Hi Rene,
I think the main reason for your problem is that current SMILA doesn’t extract the text from PDFs out-of-the-box.
We plan to provide this for the next release, but it’s not implemented yet.
So, with current SMILA, if you want to search on PDF content, you have to implement a Pipelet (or Worker) which will do the PDF-to-text extraction (e.g. by calling a 3rd party SW) and use that in your workflow.
Regards,
Andreas
Von: smila-dev-bounces@xxxxxxxxxxx [mailto:smila-dev-bounces@xxxxxxxxxxx] Im Auftrag von Corinth, Rene
Gesendet: Donnerstag, 11. Oktober 2012 10:13
An: smila-dev@xxxxxxxxxxx
Betreff: [smila-dev] SMILA as search engine
Hi all,
I have one more question before SMILA go online in theseus….

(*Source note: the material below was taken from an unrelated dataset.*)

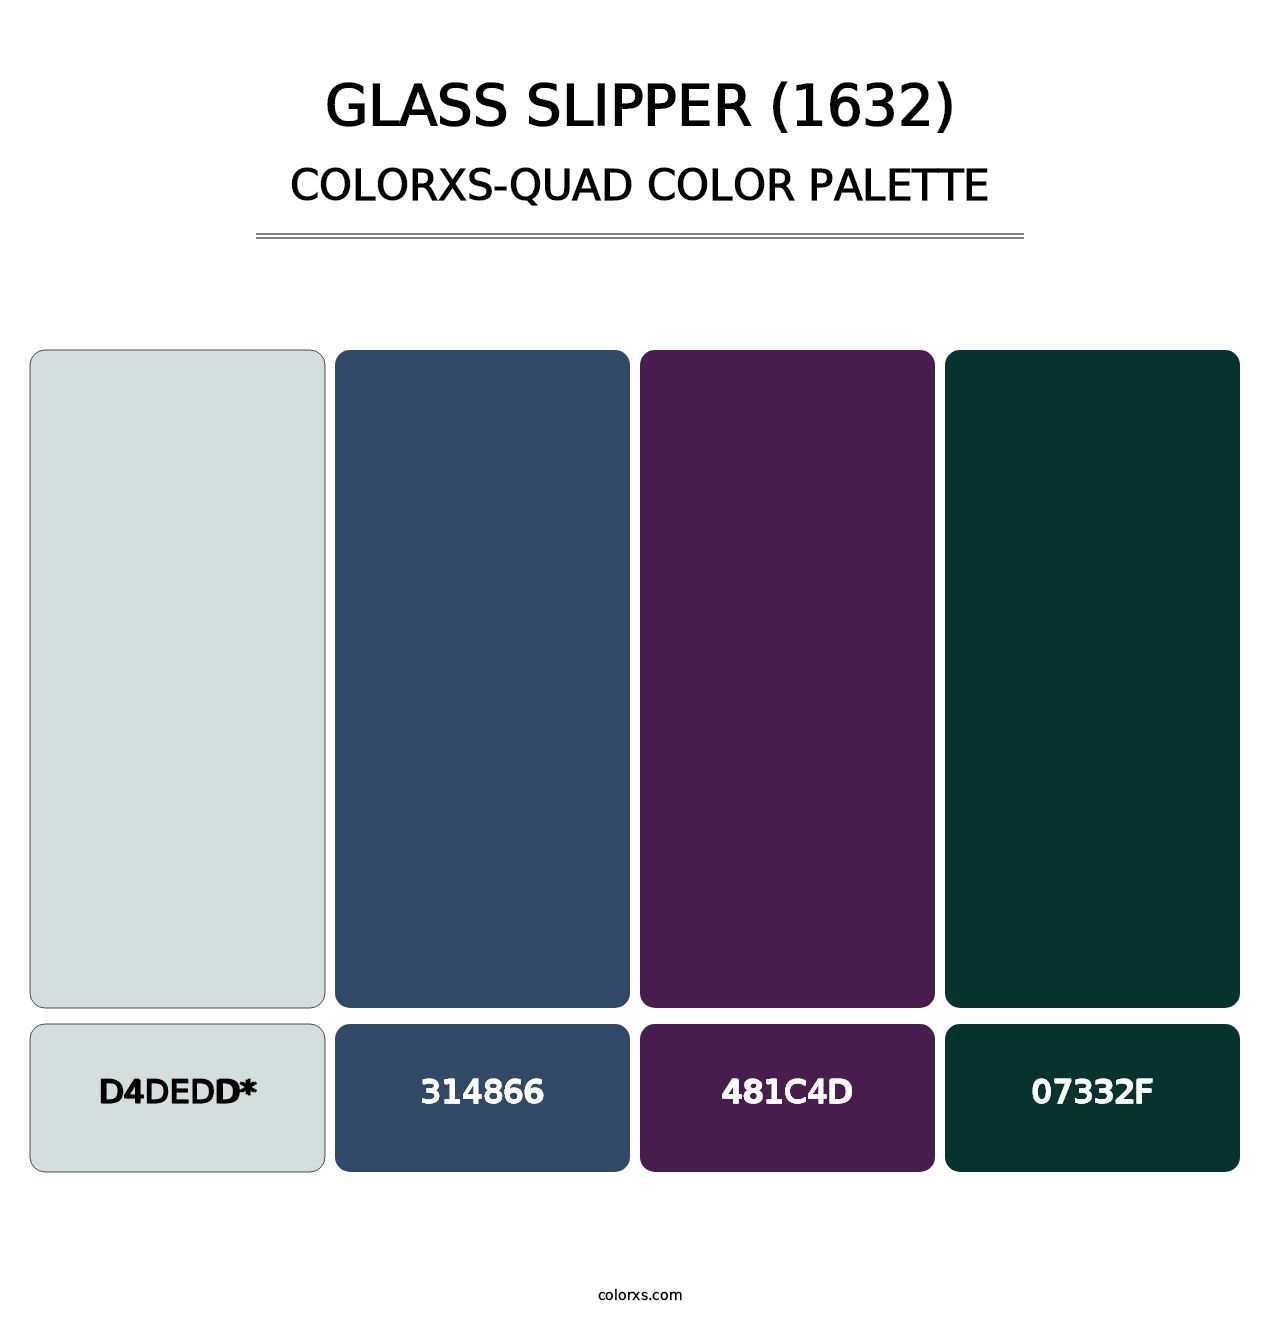 Glass Slipper (1632) - Colorxs Quad Palette

If I want to use the advanced search in Theseus http://www.theseus-programm.de/en/75_smila.php?tpl=advanced and I’m searching for “Document Type” PDF, no title or summary is shown.
I think the problem is that I use just the webcrawler and not the filecrawler, but these pdf’s are in the web. So how can I combine these two crawlers or do I have to go a different way?
Cheers René